Les lésions chroniquement actives présentant un liseré inflammatoire exceptionnellement large semblent particulièrement défavorables. Des études sur du tissu cérébral de personnes atteintes de SEP montrent que de larges zones inflammatoires sont plus fréquentes chez les personnes dont la maladie progresse rapidement.

Atteintes dans un tissu cérébral apparemment sain

La progression de la SEP ne s’explique pas uniquement par les lésions chroniquement actives. Comme l’a précisé la Prof. Kuhlmann, des régions de la substance blanche qui semblent normales à l’imagerie par résonance magnétique (IRM) peuvent aussi être touchées par des processus inflammatoires chroniques. Dans ces régions, on retrouve davantage de cellules immunitaires activées, susceptibles d’entraîner des modifications de la structure des fibres nerveuses. Ces modifications sont généralement très subtiles, mais elles peuvent ralentir la conduction des signaux nerveux et augmenter les besoins énergétiques des cellules nerveuses. Les conséquences concrètes pour les personnes concernées ne sont pas encore clairement établies.

Perte croissante de neurones et de leurs connexions

Un autre mécanisme central de la progression de la SEP est la neurodégénérescence, c’est-à-dire la perte progressive de neurones et de leurs connexions, les synapses. Des études ont montré qu’en cas de PIRA, la neurodégénérescence au niveau du cortex cérébral est plus marquée que dans une maladie stable ou une SEP rémittente.

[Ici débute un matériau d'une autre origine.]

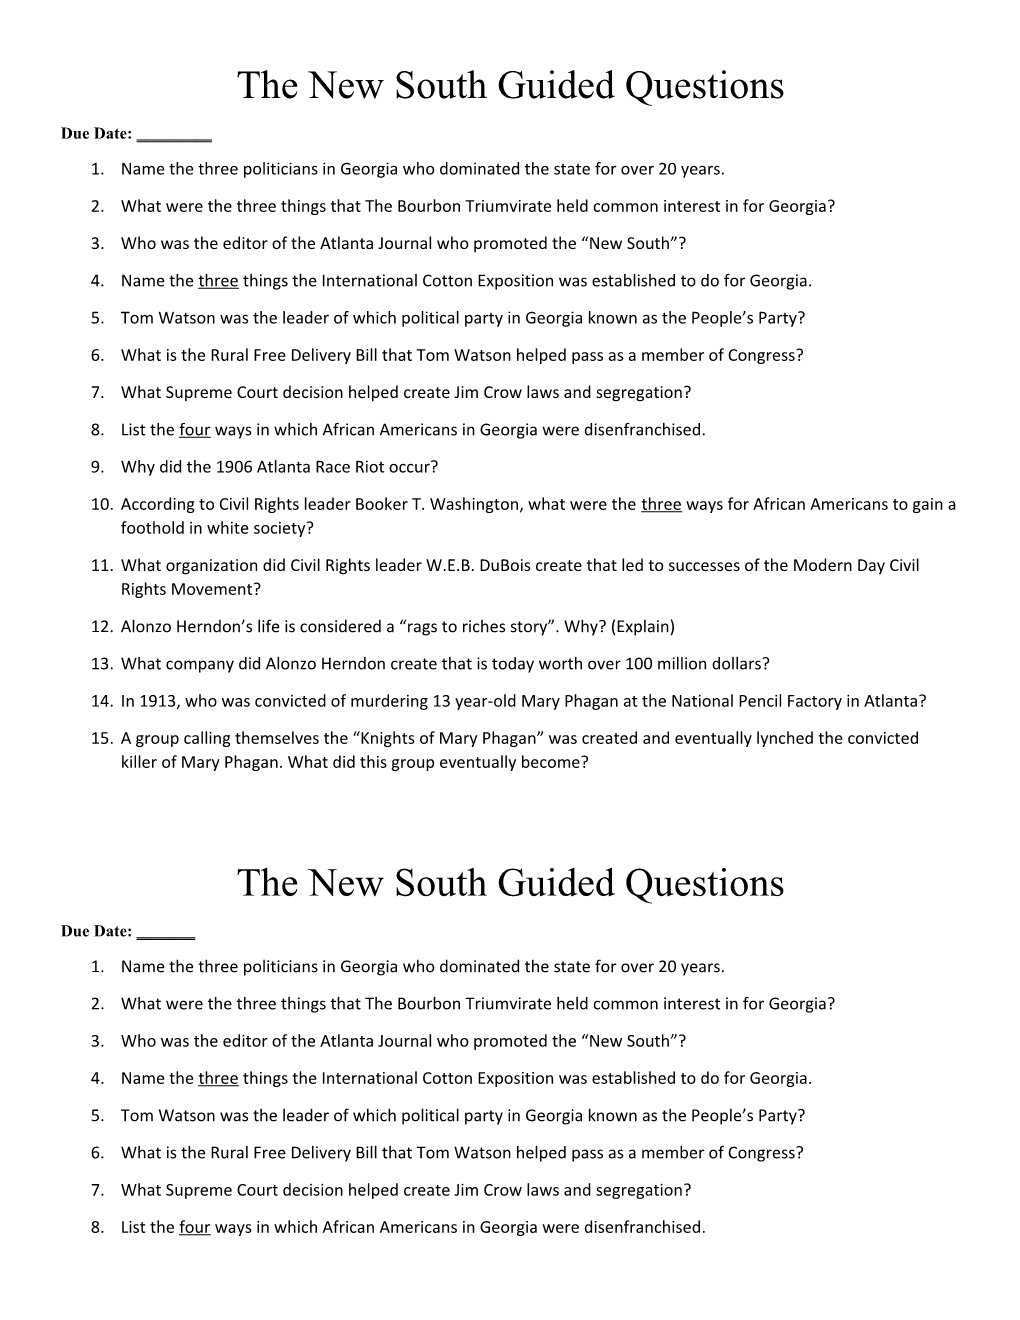 The New South Guided Questions

Par ailleurs, des techniques d’imagerie ont désormais permis de démontrer qu’une perte de synapses survient également dans le cortex cérébral en cas de SEP. Une densité plus faible de synapses s’accompagne de troubles de la mémoire et de la concentration ainsi que d’une augmentation du handicap physique. « Si nous pouvions comprendre précisément ce qui conduit à cette perte de neurones et de leurs connexions, nous disposerions d’un point d’attaque potentiel pour de nouvelles thérapies », a souligné l’intervenante.

Mécanismes de compensation et de réparation

Le cerveau possède toutefois la capacité de réagir aux processus délétères par certains mécanismes de compensation et de réparation. Parmi eux figure la restauration de la couche protectrice de myéline, appelée remyélinisation, qui a notamment pu être mise en évidence dans le cortex cérébral. Surtout aux stades précoces de la maladie, ce processus semble contribuer à compenser partiellement des pertes de fonction.

Une recherche avec encore de nombreuses questions ouvertes

Malgré des progrès importants dans la recherche sur les causes de la PIRA, de nombreuses questions restent ouvertes. On ne sait pas, par exemple, pourquoi certains foyers inflammatoires restent actifs pendant des années, ni s’il existe des formes d’atteinte des cellules nerveuses totalement découplées des processus inflammatoires. « À court terme, la question la plus susceptible de trouver une réponse est peut-être de savoir dans quelle mesure une remyélinisation efficace peut empêcher la progression de la maladie », a conclu la Prof. Kuhlmann.

 

La Prof. Dre méd. Tanja Kuhlmann est professeure de neuropathologie au Centre hospitalier universitaire de Münster (DE) et professeure assistante à l’Université McGill à Montréal (CA).

 

«MS State of the Art Symposium» 


Le «MS State of the Art Symposium» est le plus grand congrès spécialisé de Suisse consacré à la sclérose en plaques, organisé par la Société suisse SEP et son Conseil médico-scientifique. En 2026, l’événement s’est tenu le 26 janvier au KKL Lucerne.